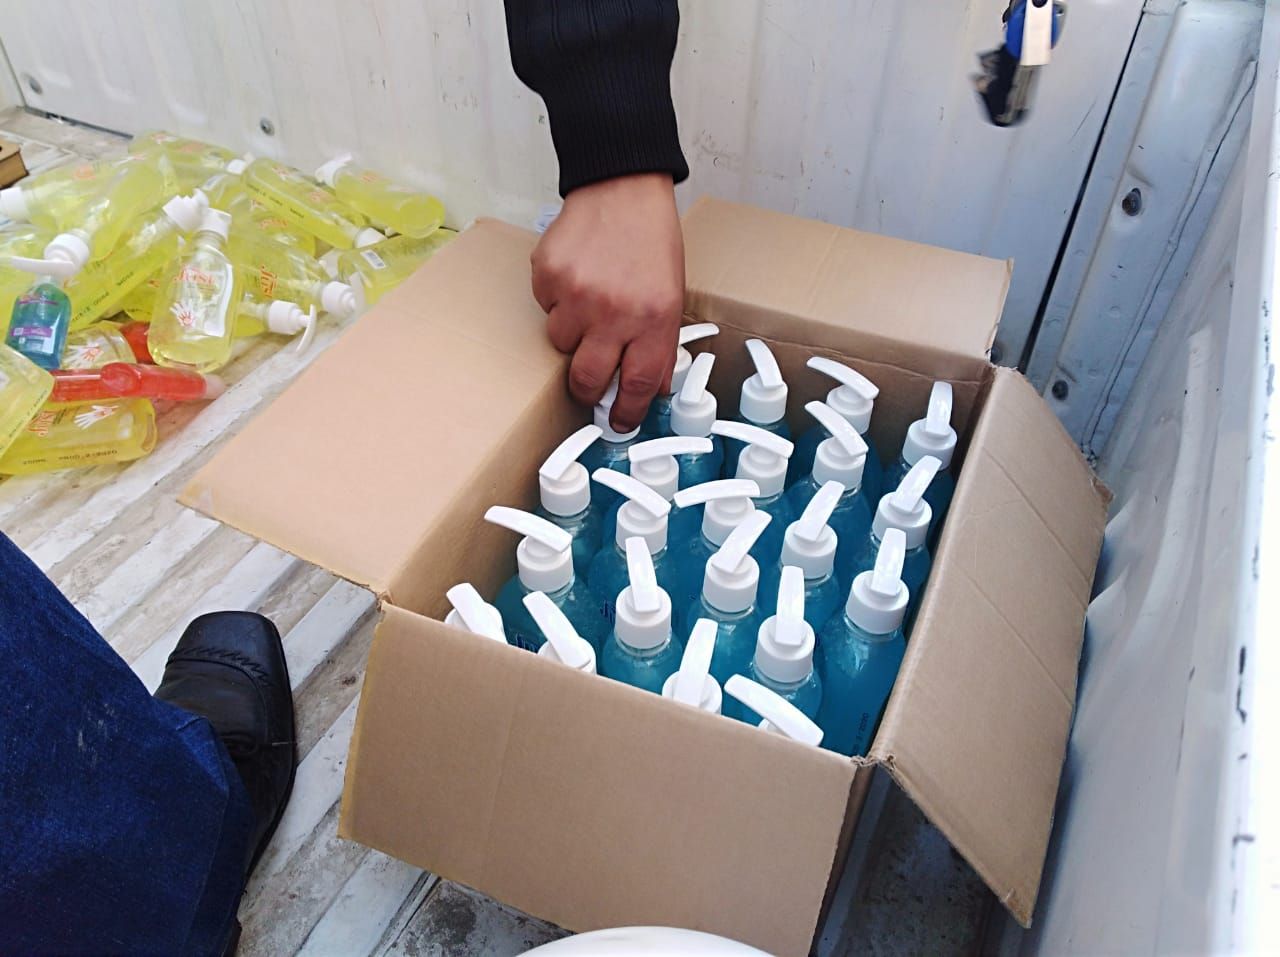 وزارة التموين تعلن عن إمكانية تبديل النقاط للحصول على زجاجات الكولونيا والمطهرات
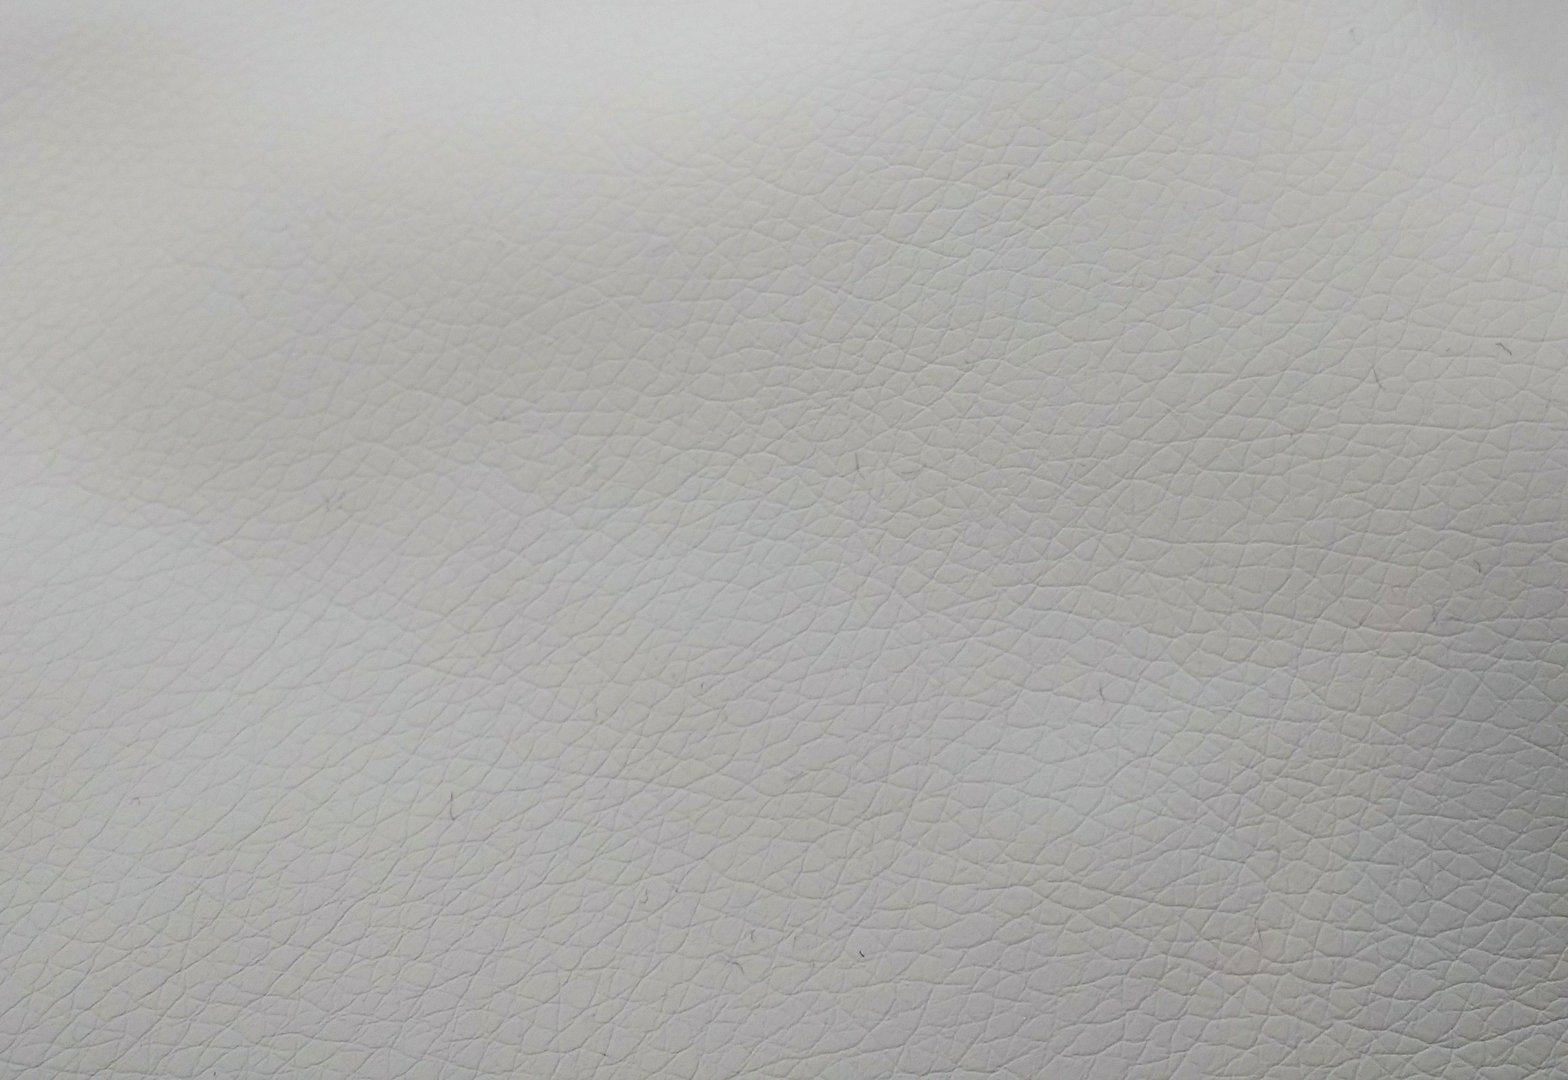 White faux leather Ekokuir
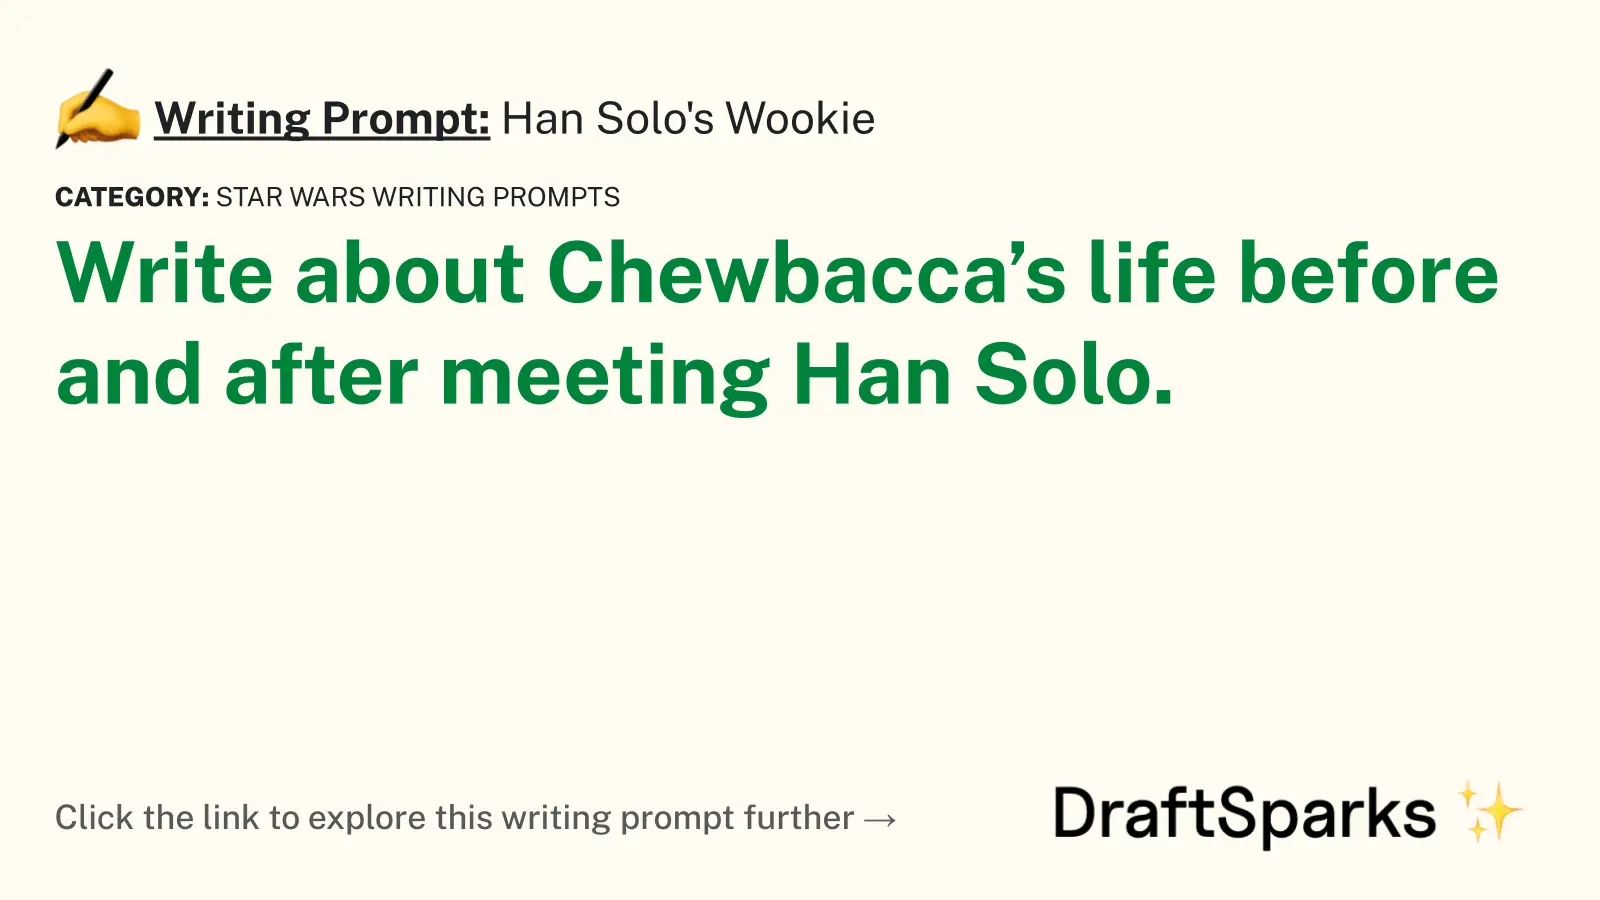 Han Solo’s Wookie
==============================
Print the listing exactly, minus its pictures.

» **Written response**:
 وزارة التموين تعلن عن إمكانية تبديل النقاط للحصول على زجاجات الكولونيا والمطهرات
 White faux leather Ekokuir
 Han Solo’s Wookie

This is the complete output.